São 159 pedidos de todo o Paraná, compilados pela assessoria do deputado federal Osmar Serraglio (PMDB), que coordena a bancada federal. Só de investimentos demandados pelo secretário de Estado de Infraestrutura e Logística (Seil), Pepe Richa, são 21 requisições no valor total de R$ 2,5 bilhões. Se a bancada resolvesse atender todos os pedidos do irmão do governador Beto Richa (PSDB), por exemplo, estariam quadruplicando o orçamento que a Seil terá em 2013, definido em R$ 750 milhões.

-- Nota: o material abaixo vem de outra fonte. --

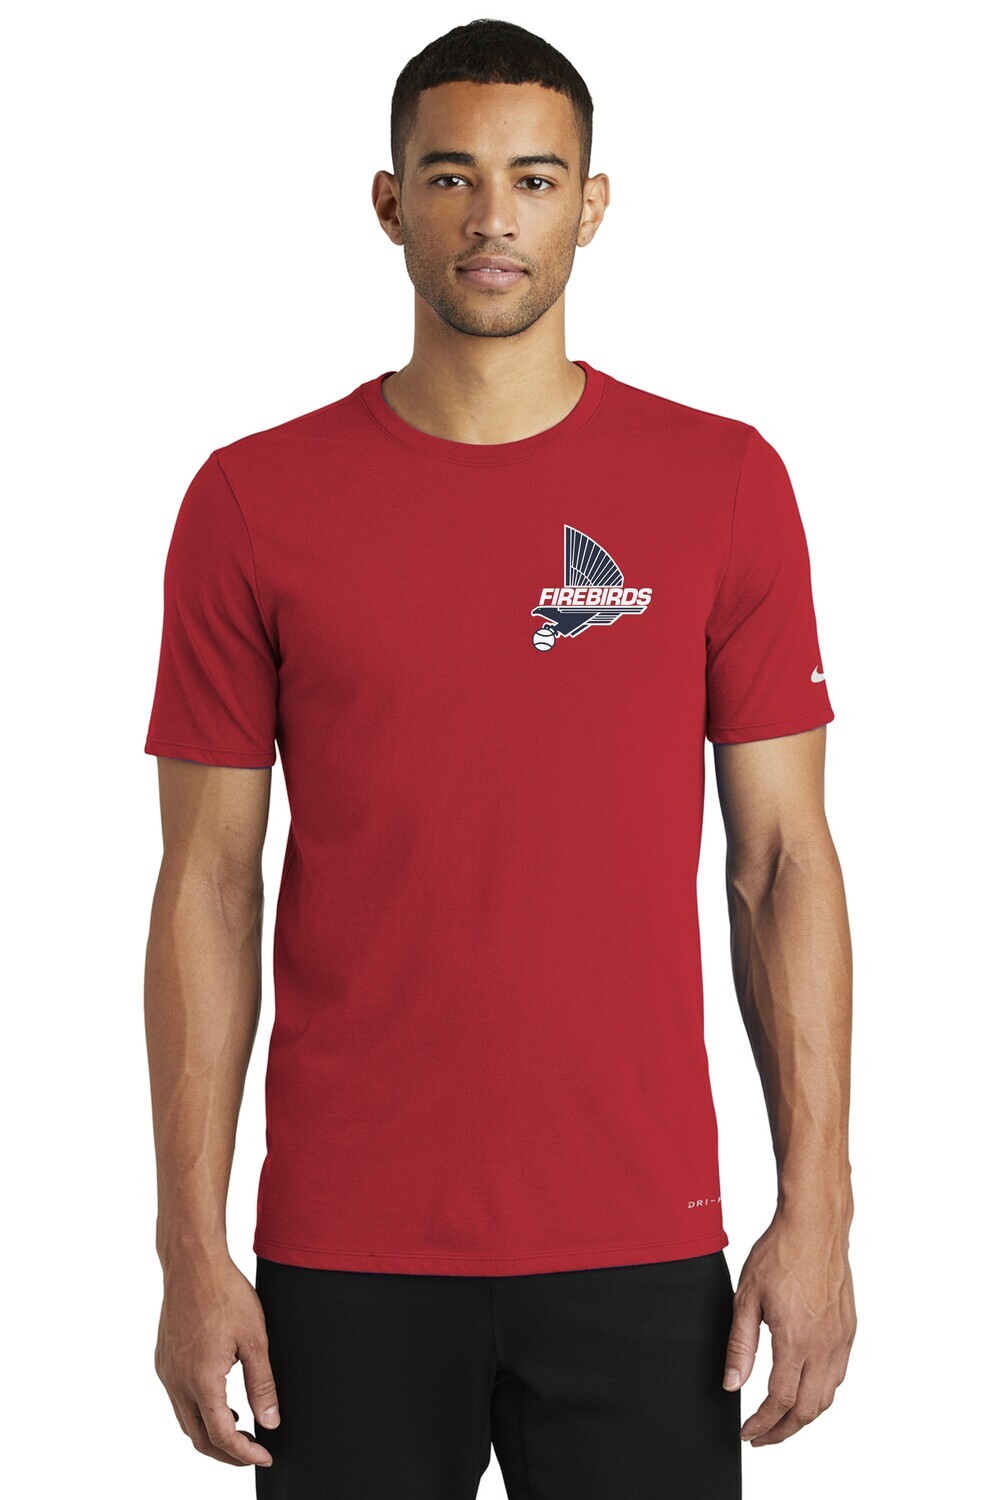 Firebirds Nike DriFit T-Shirt
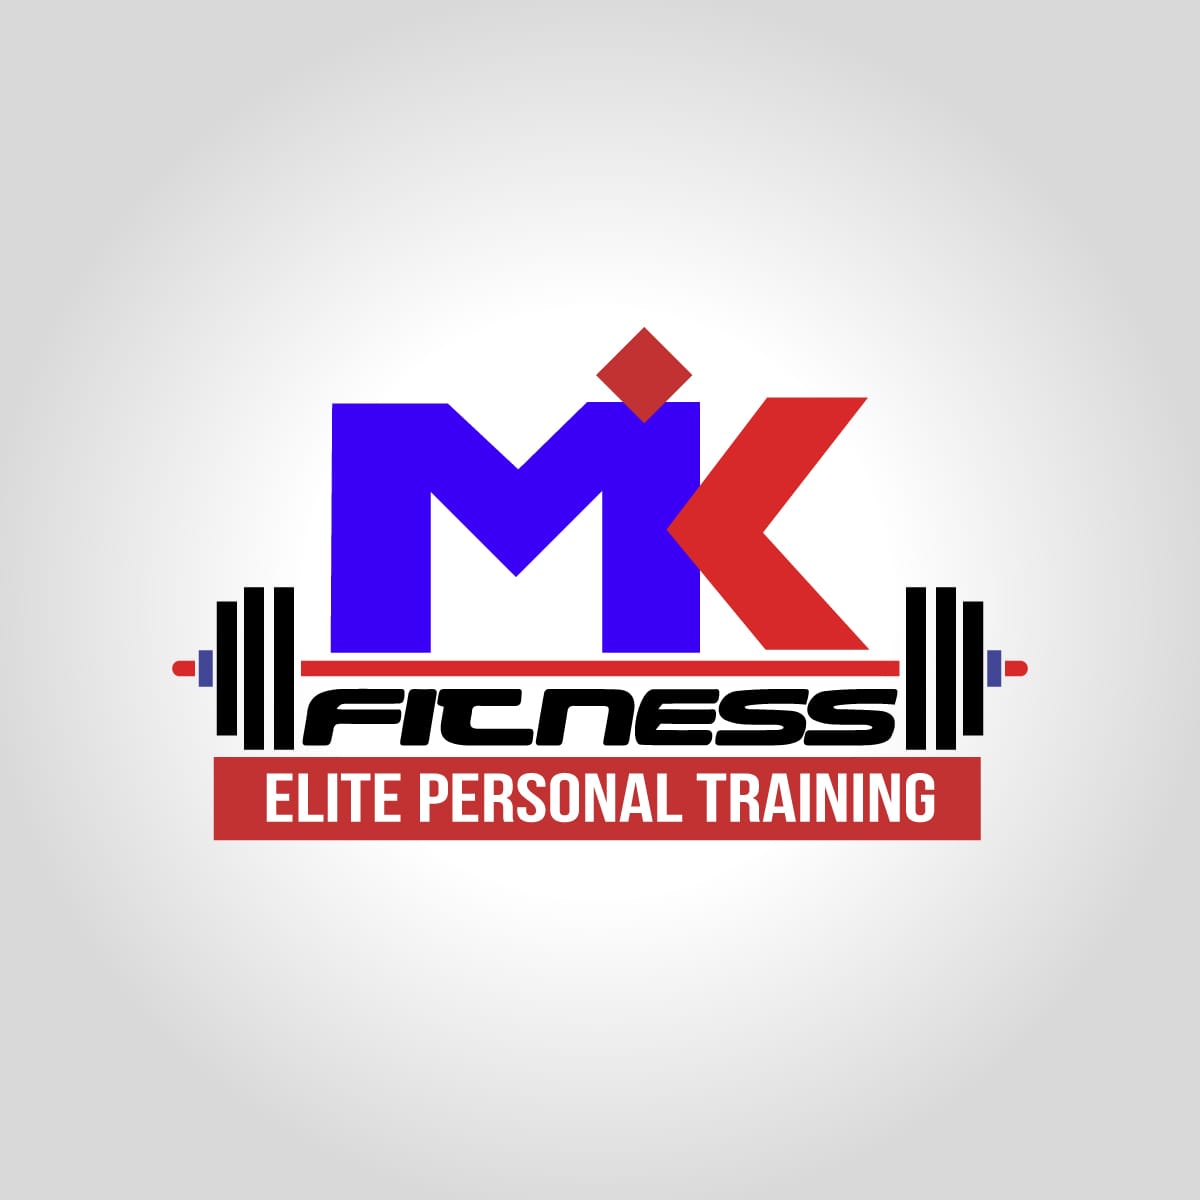 Mik Fitness Elite Personal Training

''Devemos apresentar de R$ 800 milhões a R$ 1 bilhão em emendas coletivas'', adianta Serraglio. Nesse valor, por exemplo, estão R$ 20 milhões para o Hospital de Câncer de Umuarama e outros R$ 20 milhões para a construção de um teatro em Londrina, recurso que também poderia ser destinado à reforma do Teatro Ouro Verde, destruído recentemente em um incêndio. Londrina pode ser beneficiada por emendas genéricas, voltadas para a distribuição de recursos em cadeias produtivas ou na rede pública de ensino superior, mas são os dez pedidos identificados que chamam a atenção.
A movimentação da Prefeitura de Londrina, Conselho Municipal de Saúde, Universidade Estadual de Londrina (UEL) e políticos garantiu à cidade uma articulação superior a de outros municípios, como Maringá, cujas demandas específicas somadas ficaram em R$ 164 milhões. ''As emendas coletivas de 2012 ainda não foram liberadas, mas há uma sinalização do governo federal de que as propostas nas áreas de Saúde e Educação serão efetivamente pagas'', explica Serraglio. Uma nova reunião entre os deputados federais e os senadores será realizada na próxima semana.